This book was about a boy named Omri and his small Indian toy.
Omri also receives a white metal medicine cupboard from his brother. The only key in the house that fits the cupboard's lock is the key to Omri's great-grandmother's jewelry box.
Omri puts the plastic figurine in the cupboard and locks it with the key, only to discover the following morning that the figurine has come to life as a three-inch tall Iroquois man.
After a bewildering first encounter, Omri hastily locks the man back into the cupboard to prevent his discovery while Omri is away at school, only to be crestfallen when he returns home to find the man returned to lifeless plastic. Curious, Omri relocks the figurine in the cupboard and it comes to life once more.
Though the tiny man, whose name is Little Bear Little Bull in some editionsinitially believes that Omri is a god, he quickly realizes that Omri is only an ordinary, albeit giant, boy, and proceeds to boss him around.
Little Bear explores the house and garden, while Omri provides for Little Bear's needs. Little Bear's rejection of the gift of a tipi as Iroquois live in longhouses leads Omri to research more about the Iroquois people, causing him to rethink some of his stereotypical views of American Indians and to realize that Little Bear is a real person with a history and culture.
Omri is particularly affected when a plastic figure of an elderly Native American chief dies of shock upon being brought to life. Little Bear, however, claims the old chief's headdress, as he is the only one around to take the title, and becomes more demanding than ever.

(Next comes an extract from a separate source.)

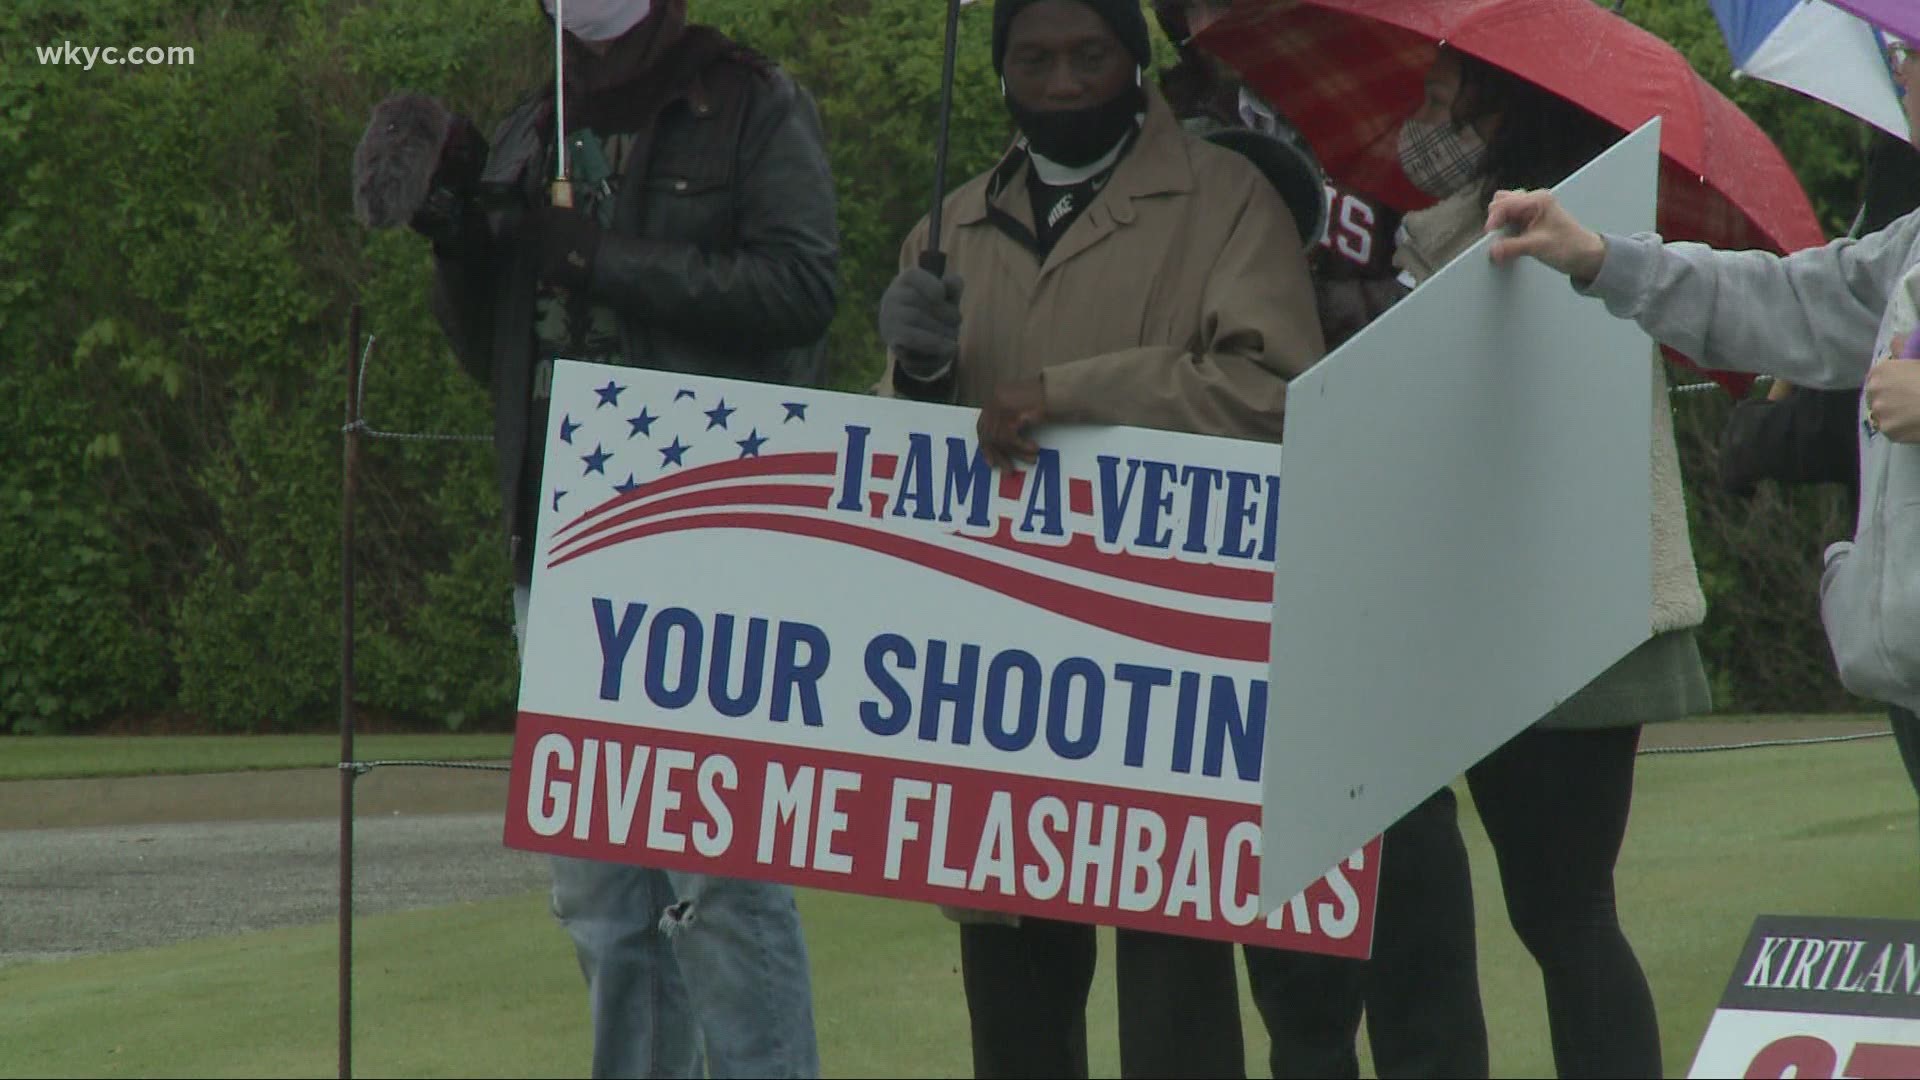 Protesters say that the skeet shooting is dangerous and hurtful. The Kirtland Country Club says it's well within its rights to allow the shooting to continue.

Patrick offers Omri a gift of a plastic cowboy so that Omri can play properly with his toy "Indian. Overwhelmed with excitement, Patrick urges Omri to bring loads of plastic people to life, while Omri protests that the people would be real, not toys to be played with.
Nevertheless, Patrick uses the cupboard without Omri's knowledge, bring to life the plastic cowboy, who turns out to be a man named Boone from an entirely different place and time as Little Bear. The two tiny men mistrust one another from the start, with Boone deriding Little Bear as "savage" and "dirty.
Little Bear is immediately guilty, but does not know enough medicine to save Boone, while the boys are far too large to help. Omri brings to life the figure of a World War I medic, who turns out to be a man named Tommy from the trenches of France.
Tommy, believing that this is a strange dream, saves Boone's life before being transported back through the cupboard. Little Bear continues to treat Boone's injuries and the two gradually come to trust one another.
This incident finally impresses upon Patrick that the tiny people are not toys. Though both boys have become attached to Boone and Little Bear, they agree to return everyone to their own time.
As chief, Little Bear demands a bride. The two boys and the tiny people have a final celebration, during which Boone becomes Little Bear's blood brotherbefore the miniature people are sent home through the cupboard. Each boy keeps the now-plastic image of their friend as a memento, and Omri gives the cupboard's key back to his mother so that he will not be tempted to bring them back.Lynne Reid Banks was evacuated from England to Canada during World War II, and she then returned to England in to study for the pfmlures.com later became a freelance journalist and playwright and in became the first female TV news reporter.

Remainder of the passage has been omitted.